The effect of early-season flower bud damage on yield, quality, and maturity of cotton, Gossypium hirsutum L., was determined at Florence and Blackville, SC, from 1989 to 1994. From 1989 to 1991, yields from insecticide-treated plots for Heliothis virescens (F.) during June were compared with plots left untreated during June. In all cases from 1989 to 1991, no significant differences in yield were observed between treated and untreated plots.

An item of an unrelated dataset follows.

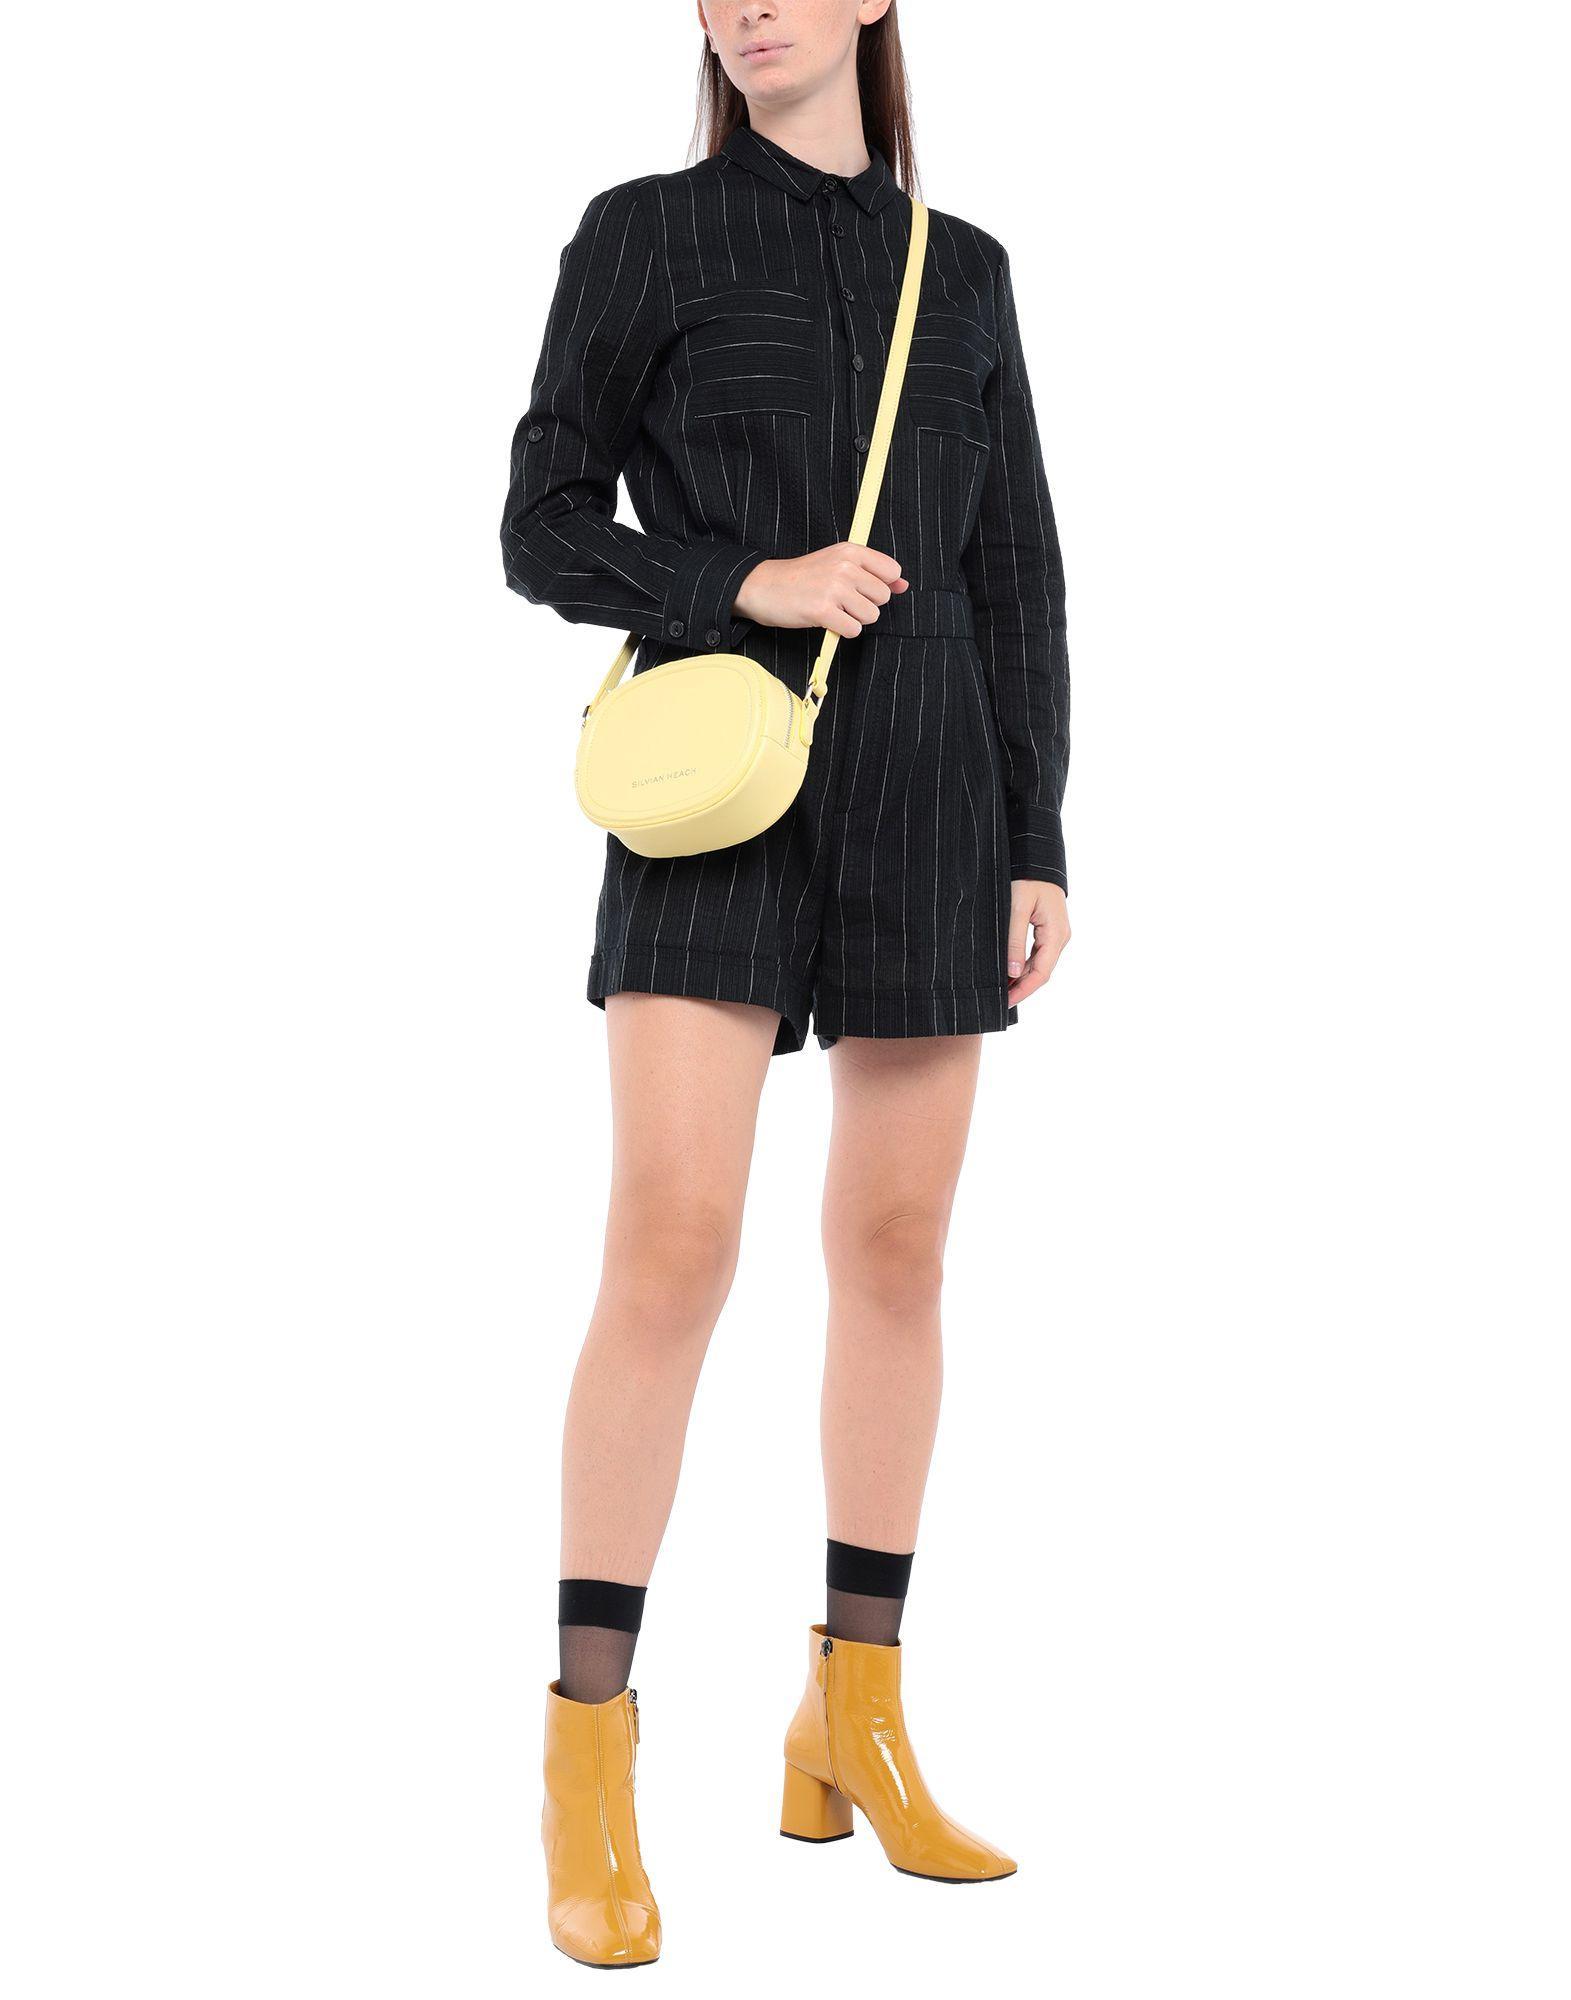 Silvian Heach Handtaschen in Gelb H5Zjp

From 1992 to 1994, H. virescens damage was simulated by hand-removal of flower buds. In 1992, no significant differences were observed in yield, maturity, or lint quality following removals as high as 100% for 4 consecutive weeks. In 1993, a l-wk delay in maturity was observed in 'DES 119' and 'Deltapine 90' at both locations following removals of 100% for 3 and 4 wk, and in 1994 at Blackville following removals of 100% for 3 wk. From 1992 to 1994, there were no significant yield effects following any flower bud removal level or duration, but in 1993 at Blackville, there were significant removal X planting date and removal X planting date X cultivar interactions. In this instance, DES 119 planted late (28 May) and grown under irrigated and dryland conditions experienced yield reductions of 30-45% after 100% removal for 3 or 4 wk that extended into mid-July. No other significant interactions with removal occurred, and no differences in lint quality were observed. Our data indicate that cotton compensates adequately for flower bud loss in June in South Carolina, and that insecticides for H. virescens seldom are needed early in the season. Opportunities to ameliorate traditional insecticide approaches for cotton insect management are discussed by considering our data in conjunction with the expansion of the Boll Weevil Eradication Program and the deployment of cotton cultivars that contain genes for expression of the delta-endotoxin of Bacillus thuringiensis in other areas of the Cotton Belt.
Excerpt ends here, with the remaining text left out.